The FDA Center for Tobacco Products issued a Warning Letter to Ariel Gorelik, identifying that the website https://www.mylevapor.com manufactures and sells Electronic Nicotine Delivery System (ENDS) products. These products are deemed tobacco products under section 201(rr) of the FD&C Act and are subject to FDA jurisdiction.

The primary violation is the marketing of "new tobacco products" without required premarket authorization. A "new tobacco product" is defined as any tobacco product not commercially marketed in the U.S. as of February 15, 2007, or any modified product marketed after this date, requiring a marketing authorization order or substantial equivalence determination.

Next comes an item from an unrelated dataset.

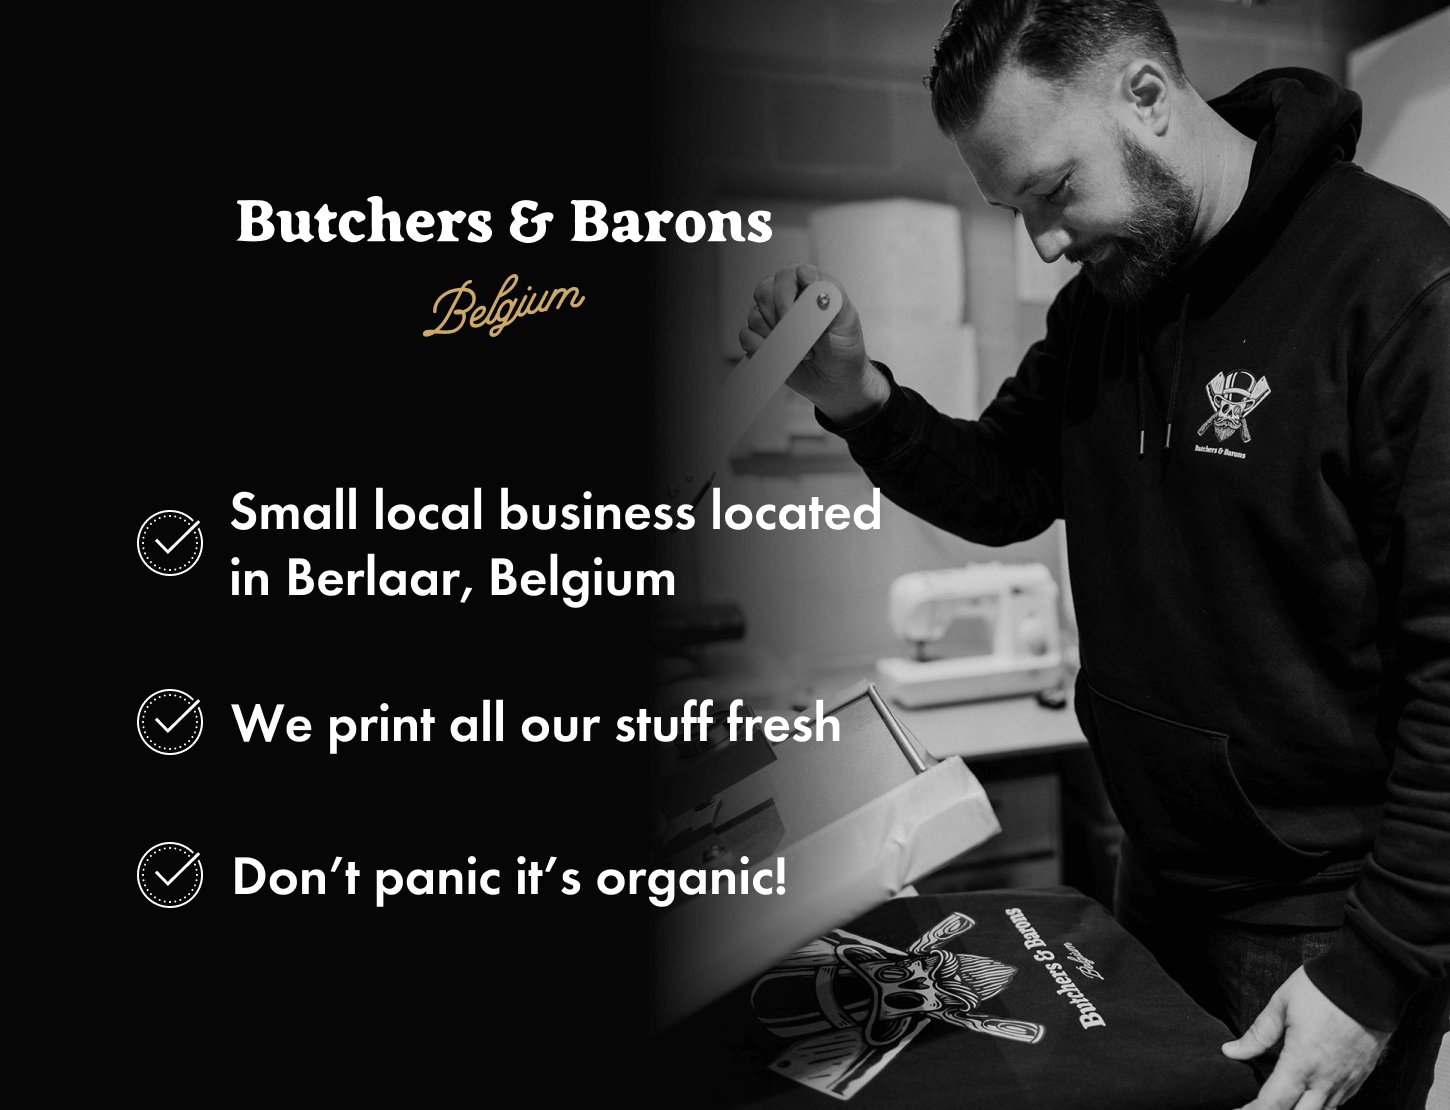 Butchers & Barons

The FDA's review found that products such as Mylé Mini – Iced Lychee Disposable Device and Mylé Mini 2 – Cubano Disposable Device, among others, are new tobacco products that lack the necessary FDA marketing authorization. Consequently, these products are deemed adulterated under section 902(6)(A) and misbranded under section 903(a)(6) of the FD&C Act.

The letter requires a written response within 15 working days detailing corrective actions, including discontinuing the sale and distribution of violative products and a plan for future compliance. Failure to comply may result in regulatory action, including detention and refusal of admission for imported products.